Patients with prolonged generalized convulsions (e.g., >2 minutes) should have creatine kinase and lactic acid tested to assess for rhabdomyolysis and acute metabolic acidosis, respectively; prolonged convulsions or tonic posturing without increased lactic acid are less likely to be epileptic in nature. Presence of a lactic acidosis that resolves on subsequent ED testing supports a seizure diagnosis. In epilepsy patients with unexplained increase in seizure frequency and a stable antiseizure regimen, infections such as common viral illness should be considered as precipitating events. Patients with a dramatic increase in the severity of seizures or those with an abnormal neurologic examination should undergo a more thorough laboratory assessment.

In patients with advanced age or comorbidities or who are ill in appearance, the diagnostic evaluation should be expanded to include a basic or comprehensive metabolic panel to assess metabolic derangements that may trigger seizures. Sodium, calcium, and magnesium are all associated with cell membrane stabilization; most commonly, hyponatremia and hypocalcemia are triggers of seizures. Because magnesium helps stabilize the neuronal cell membrane, hypomagnesemia is a common finding in adult and children presenting with seizures in several settings. Keep in mind that total body magnesium levels may not be reflected by serum levels. Hypomagnesemia must be considered and may warrant empiric treatment in cases of malnutrition or chronic alcoholism, for example. Patients with lower serum bicarbonate on basic metabolic panel may benefit from blood gas analysis and lactic acid testing. Anion gap metabolic acidosis is commonly secondary to lactic acidosis in convulsive seizures; acidosis is typically transient with lactic acid levels declining within the first hour after convulsions cease. Patients with prolonged nonepileptic convulsions often have normal lactic acid levels and white blood cell count. Persistent lactic acidosis or other anion gap acidosis suggests an underlying process, including sepsis, ketosis (alcoholic or diabetic), or poisoning (methanol, iron, isoniazid, ethylene glycol, salicylates, carbon monoxide, or cyanide). Liver enzyme (i.e., AST and ALT) abnormalities may indicate the presence of chronic disease or underlying hepatic-mediated metabolic derangements. Patients with known or suspected history of liver disease or those that take valproic acid should have ammonia tested given the heightened risk for hyperammonemia, which further increases the risk for seizures and will impact therapeutic decisions on antiseizure regimen. Routine testing of prolactin is not indicated given its relative lack of sensitivity and specificity for seizures.

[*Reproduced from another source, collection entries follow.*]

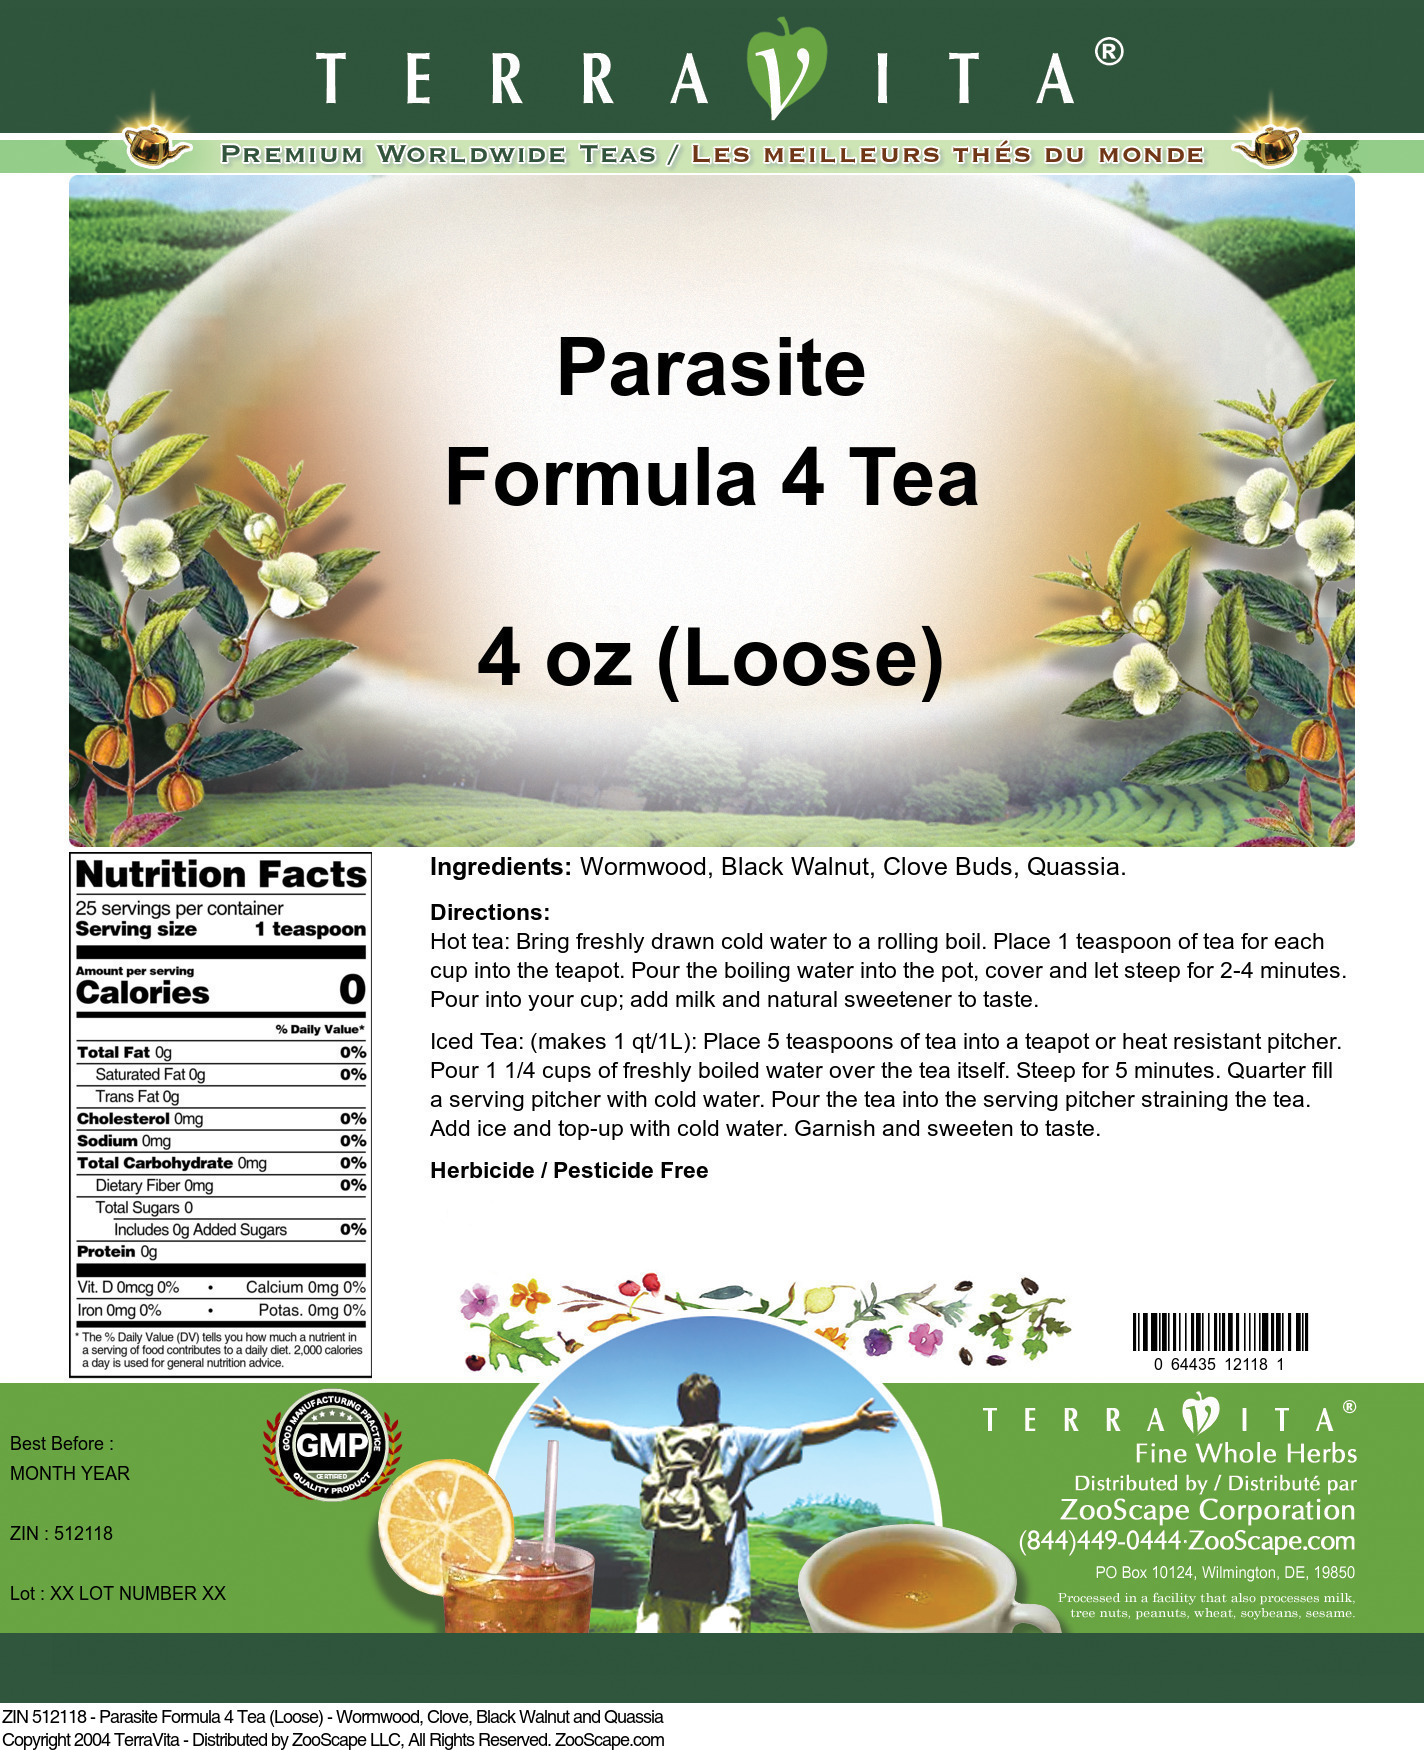 Parasite Formula 4 Tea (Loose) - Wormwood, Clove, Black Walnut and Quassia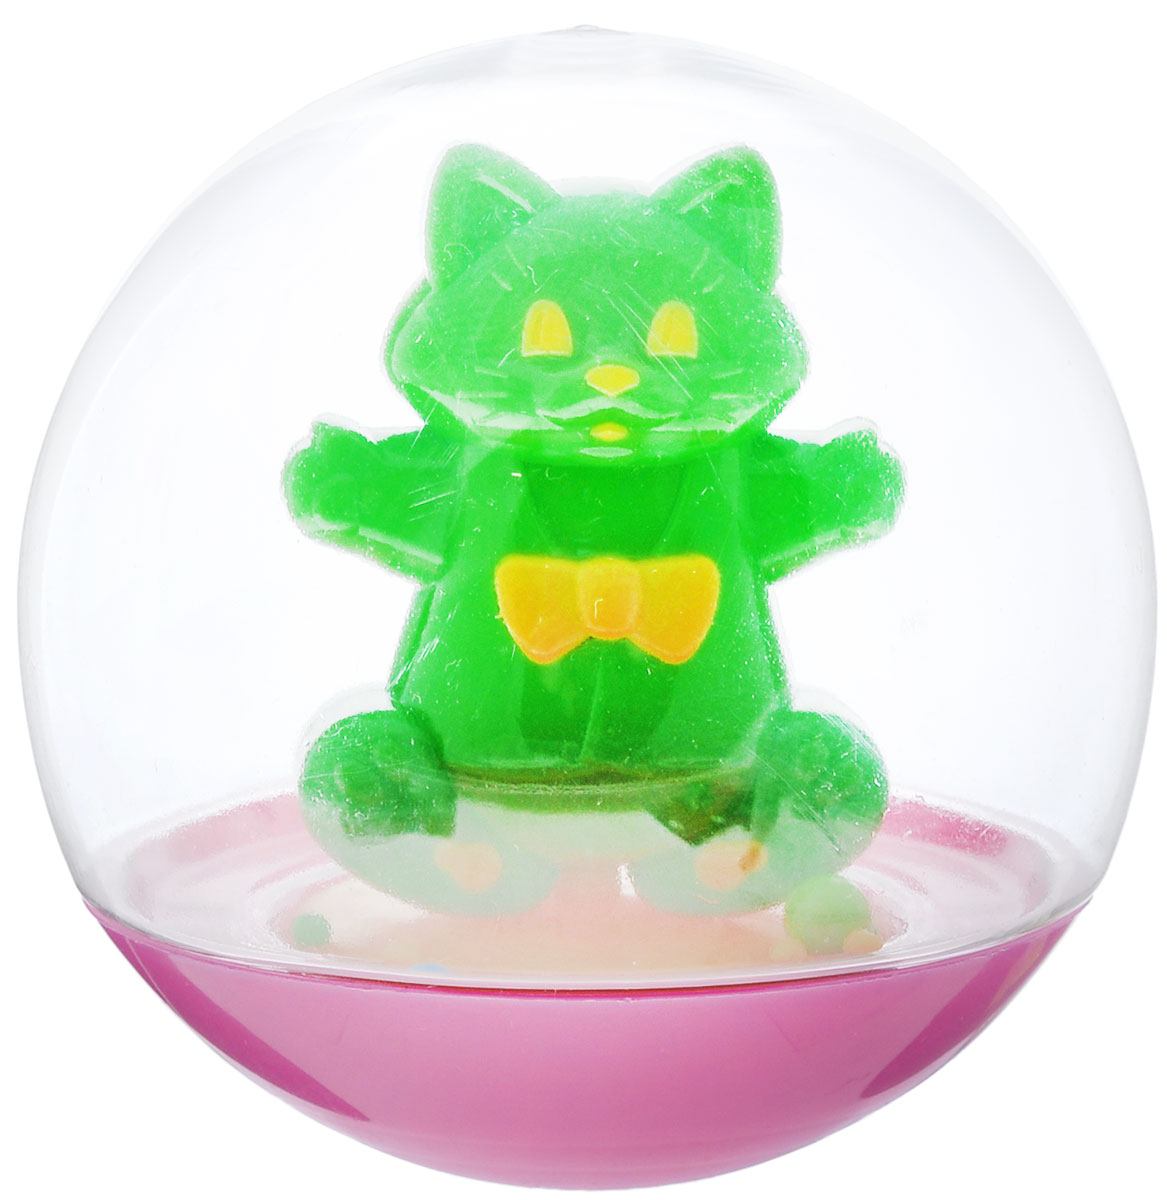 Stellar Погремушка-неваляшка Кот цвет зеленый погремушки стеллар галактика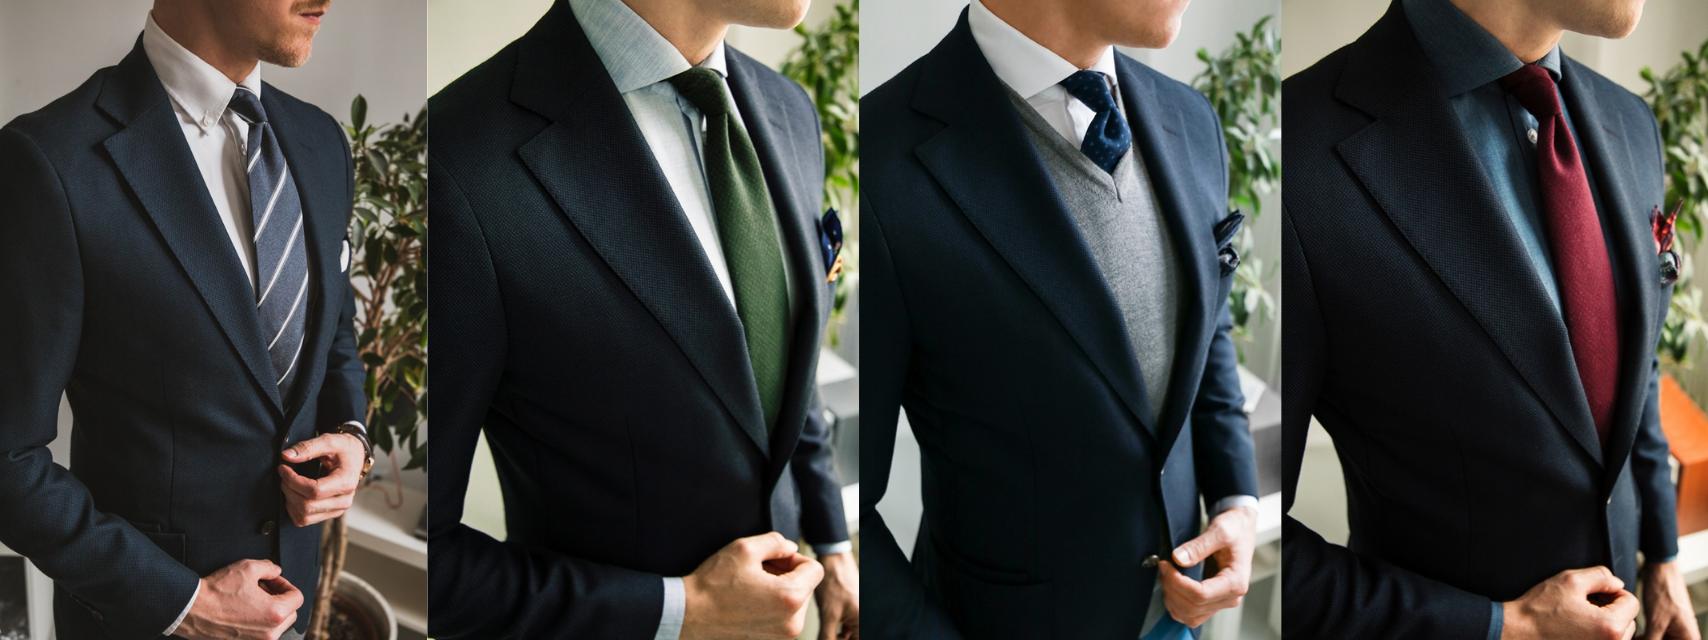 Krawaty kolaż

Proposed cutoff laboratory values for acute symptomatic seizures and those values that can be interpreted as thresholds of metabolic derangements for lowering the seizure threshold can be found in Chapter 88 (Box 88.3).

Patients with or without history of epilepsy who are on antiseizure medications for any indication (i.e., seizure prophylaxis, mood stabilization, anxiety, and/or adjunctive psychiatric treatment) should have levels obtained, as available. The turnaround time for antiseizure drug level results varies widely; phenytoin, phenobarbital, valproic acid, and carbamazepine are the most commonly available levels with the fastest turnaround times and well-established therapeutic ranges. Lamotrigine, topiramate, and oxcarbazepine have therapeutic ranges established, but prolonged turnaround times reaching several days makes their assessment impractical in the emergent setting. Levetiracetam level has a broad therapeutic range with unclear ideal targets and variable turnaround times based on institution but may still prove instrumental in confirming compliance, particularly when patients have repeated visits to the ED with similar presentations who report not missing doses. Free levels of antiseizure drugs that are highly protein bound (e.g., valproic acid and phenytoin) are more accurate, and widely available online calculators provide a correction of total levels according to albumin.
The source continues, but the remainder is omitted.